Transportation news: Diesel prices slip but remain above the $3 per gallon mark
October 26, 2010
The average price per gallon of diesel gasoline remained above the $3 per gallon for the fourth straight week, according to data released this week by the Department of Energy’s Energy Information Administration.
For the week of October 25, the EIA reported that that the average price per gallon of diesel fuel is $3.067 per gallon, a 0.6 cent decline from the week of October 18
Prior to the week of October 4, when diesel prices hit $3.00 per gallon, the price per gallon of diesel was below the $3.00 mark for 18 straight weeks. But the recent rise in prices is in line with gains in the price per barrel of crude oil, which has been slightly more than $80, on average, during the same period. Current oil prices are $82.52 per barrel, according to media reports as of press time.
The current average price per gallon of diesel is 26.6 cents higher than it was a year ago and 6 cents below the 2010 weekly high of $3.127 per gallon from the week of May 10.
The EIA is calling for 2010 crude oil prices to hit $77.97 per barrel and 2011 prices at $83.00 per barrel, according to its recently-revised short-term energy outlook. Both figures are below recent estimates of $79.13 for 2010 and $83.50 for 2011.
If prices continue to rise at current levels, some industry experts contend that barrel prices will be between $80 and $90 in 2011 and the price per gallon of diesel will stay above $3 per gallon.
Prior to this recent uptick, oil and gasoline prices were relatively low due to higher inventories signaling weaker demand and sluggish economic growth. And a recent Associated Press report stated that while the price per barrel had been in the $75 per barrel range since early summer, some analysts expect high crude prices to weigh on prices even if the economy expands more than expected over the next year.
Chuck Taylor, founder and principal of Awake! Consulting, an organization that encourages supply chain professionals to play active roles in shaping national energy policy, said at the recent Council of Supply Chain Management Professionals Annual Conference that for the first time in its history the United States will be forced to increase economic growth while decreasing oil consumption, which, he said, is something that has never happened before.

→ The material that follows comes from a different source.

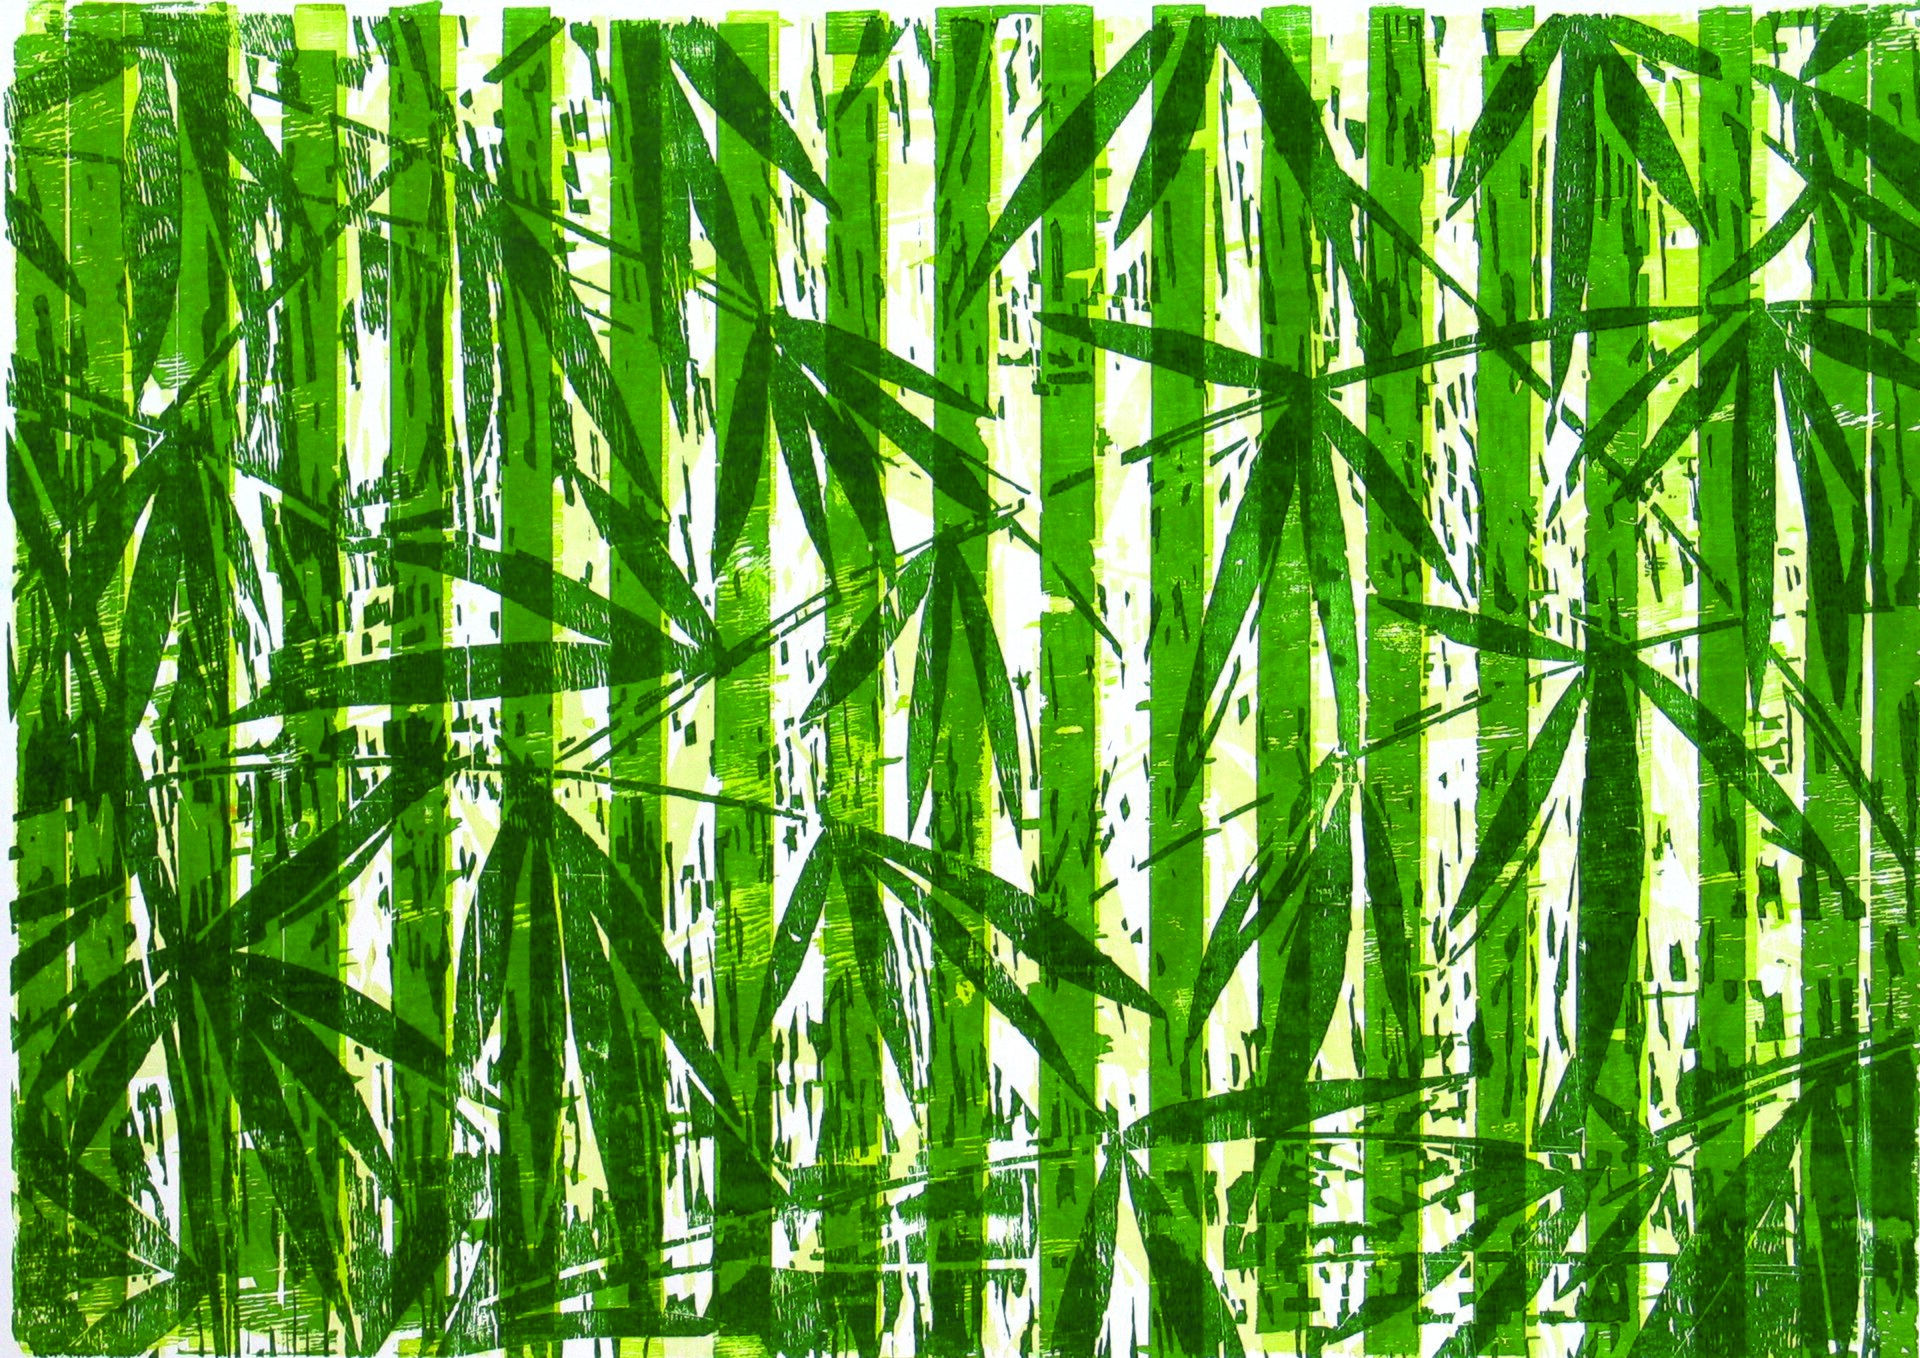 Ilustracja przedstawia obraz „Myitkyina” autorstwa Michała Rygielskiego. Praca łączy w sobie abstrakcję z malarstwem figuratywnym. Wykonana w zielono-żółtej tonacji na białym tle kompozycja składa się z pionowych, jasno-zielonych pasów o płaskim kolorze, gdzieniegdzie poprzecieranych białymi i zielono-żółtymi kreskami, na które autor nałożył motywy ciemno-zielonych roślin o długich liściach i wąskich łodygach. Praca przywodzi na myśl rozświetlony słońcem las tropikalny. Monochromatyczny obraz utrzymany jest w wąskiej, ciepłej gamie zieleni.

While diesel prices are in check for now, shippers need to continually monitor and adjust transportation spend levels for any situations which could result in an unexpected uptick in prices.
This was the case when diesel hit $4.75 per gallon in 2008. What’s more, with limited insight into where prices are heading shippers and carriers need to be cognizant about being more efficient overall in freight transportation operations and taking measured steps to burn less fuel.